The point of the matter is that everything you do financially has everything to do with your finances. That’s why we like to occasionally talk about job interviews and the other little things that might affect your work life. One such topic of general discussion is job interview follow-up. You have to do it; you cannot ignore a follow-up when you apply for a new job.

A girlfriend of mine recently applied for a new job with a new company that she’s been eyeing for a while on the path to success in her career field. When she went for her interview, she was bubbling over with excitement about how well it went, and how optimistic she is that the job is hers. When I asked her if she’d followed up at that point, she asked what the point was. She really did not think that it would make much of a difference in the grand scheme of life, but it really does. You have to follow up after an interview if you want to make a good impression, and there are some rules to live by.  

Two Days Post Interview

This is when you send in a written thank you letter. It can be an email, a handwritten note or whatever; you just have to do this within two days of your interview. Don’t mail the notes, though; drop them off yourself to eliminate the risk that they are lost in the mail or simply never arrive in a timely fashion. Your job is worth every little second it takes to thank those who took the time out of their day to interview you for the position you’ve been eyeing.

One to Two Weeks Post Interview

Now that it’s been a week or two following the interview, follow-up with the person with whom you met to see if the position has been filled and to remind them that you are very interested in the job.

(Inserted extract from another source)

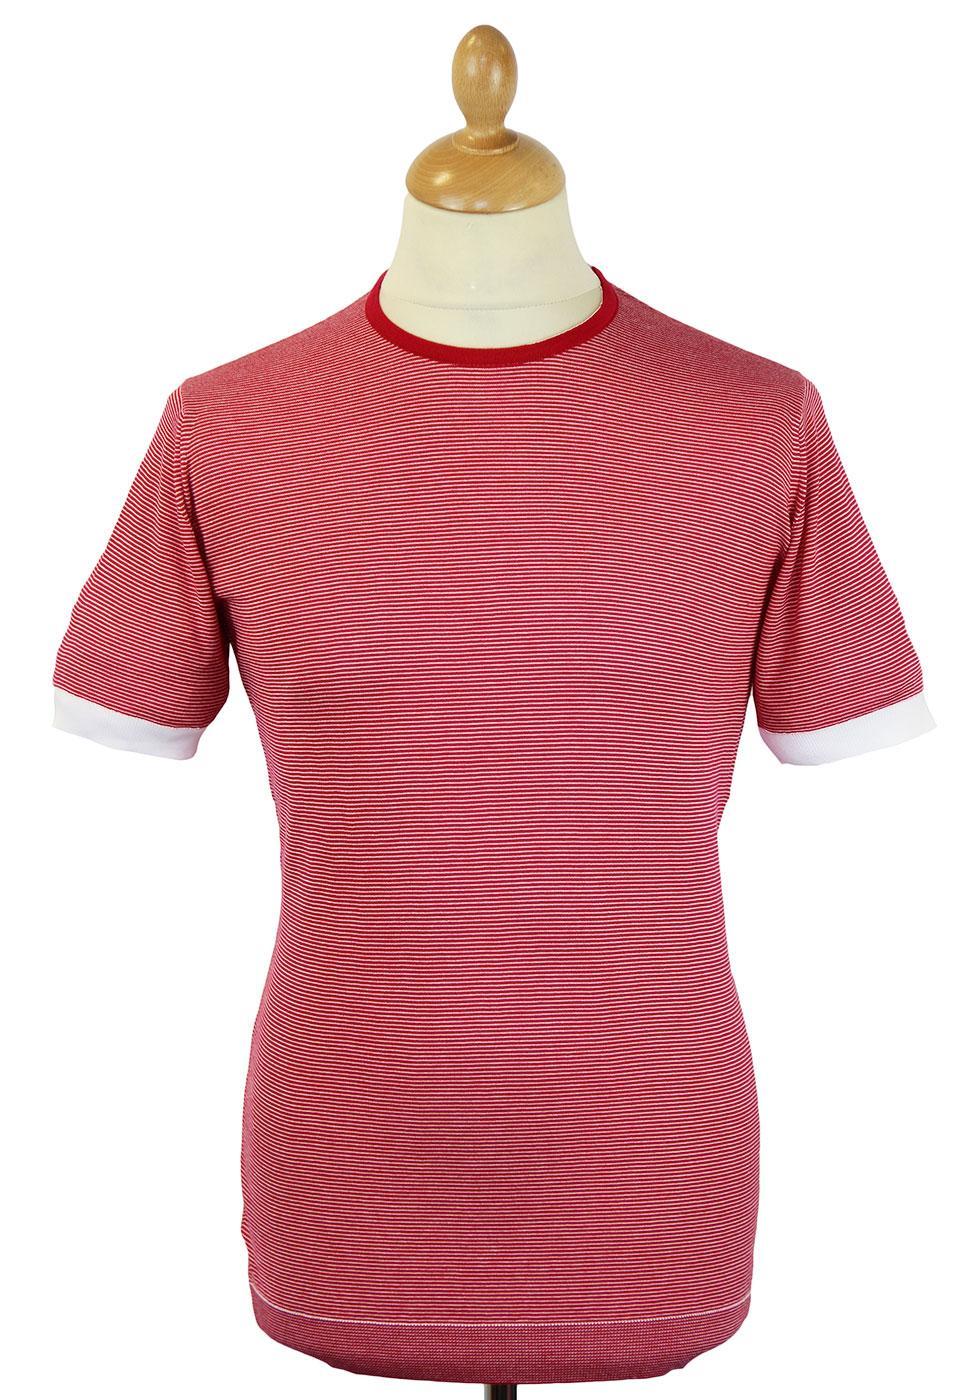 Langston JOHN SMEDLEY 60s Mod Fine Stripe T-shirt

The only reason you should not call to do this is if they said they’d need more time to make a decision in the interview. If the person intervening you specifies a time when they are making their final decision, don’t call and ask about it prior to that date. That’s not the time to follow-up. However, you can call once they’ve allowed the time line to pass.

If no one calls you back after this, it’s time to move on. However, your enthusiasm and your eagerness for the job might just spark a fire that leads to your hire. The person who puts forth the sincerest effort, after all, is usually the one that stands out the most when it comes to potential job hires.

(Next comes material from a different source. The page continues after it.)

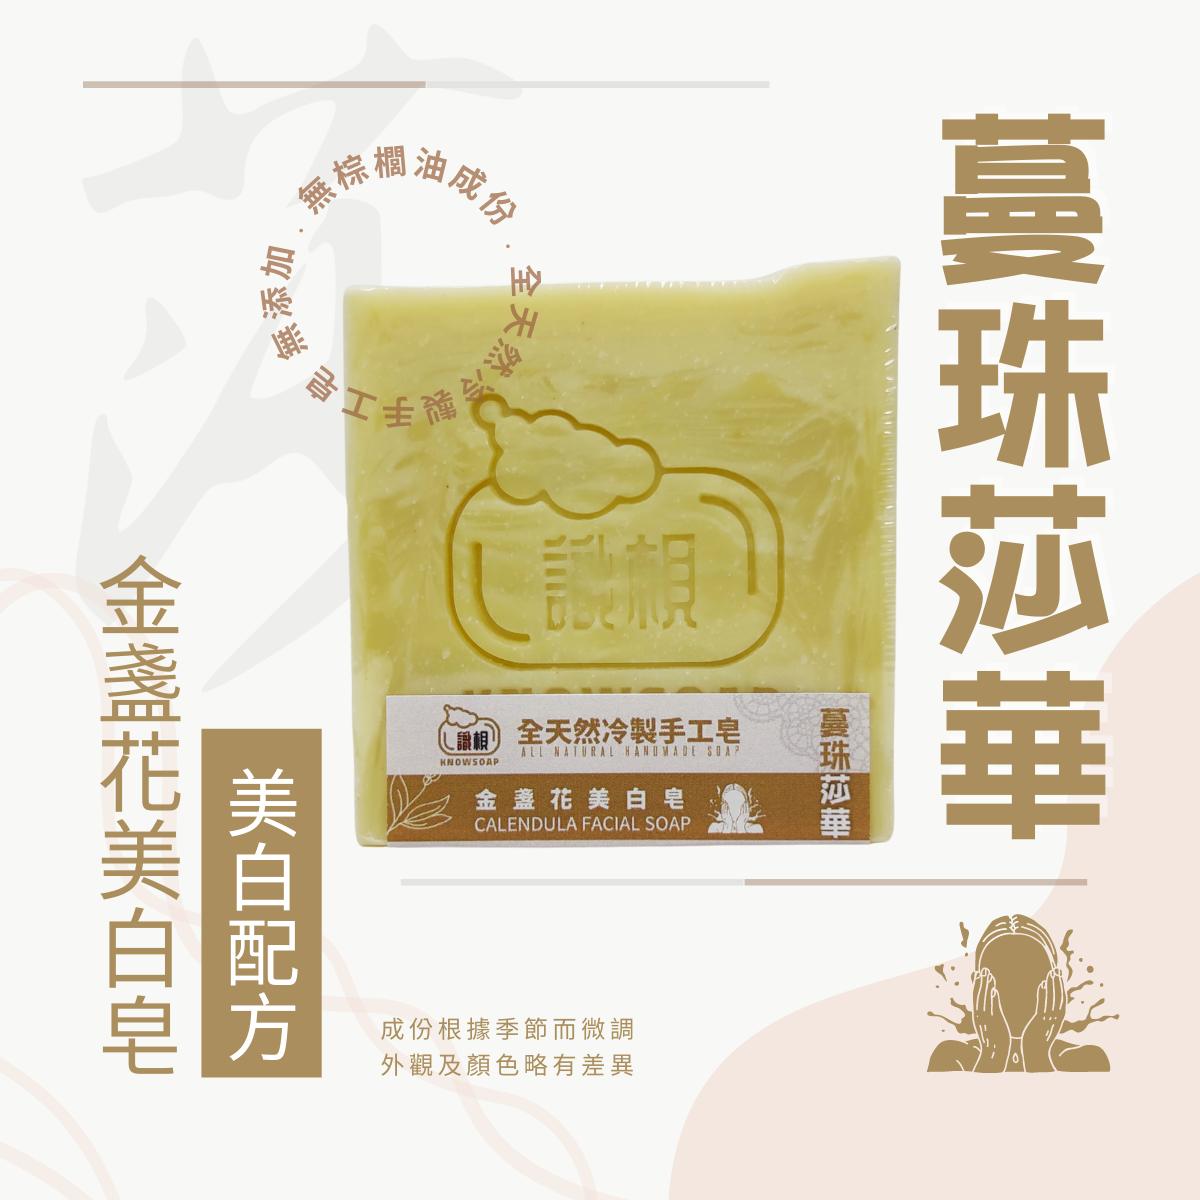 全天然手工皂 100%冷制 handmade soap 【識梘KNOWSOAP】 蔓珠莎華:金盞花美白皂 美白配方FC9002

Pick only one person, though; do not call everyone you met at the company when you went through your interview. Just pick the one person that you feel is the most important with whom to speak and reach out to that person. Otherwise, you’re going to seem desperate and unprofessional.

An Important Lesson for All

Now that you know you’re following up after that next job interview, remember one thing. Do not sound impatient when you follow up. You want to sound interested, but you do not want to sound annoyed or irritated or impatient in any way about the job. Inquire about the position and do so in a manner that conveys you are excited about it, but not one that conveys you are annoyed that they have not yet made a decision.

Following up doesn’t seem like a big deal, but it is sometimes the key to being hired. When a company has several good candidates for a position from which to choose, it’s often the above and beyond personal details that ends up getting a person hired. If you and someone else have the same work experience, history and education, it could be the person who makes the most effort that ends up taking the job. Don’t let something as small as a follow-up be the reason you don’t get the career you want.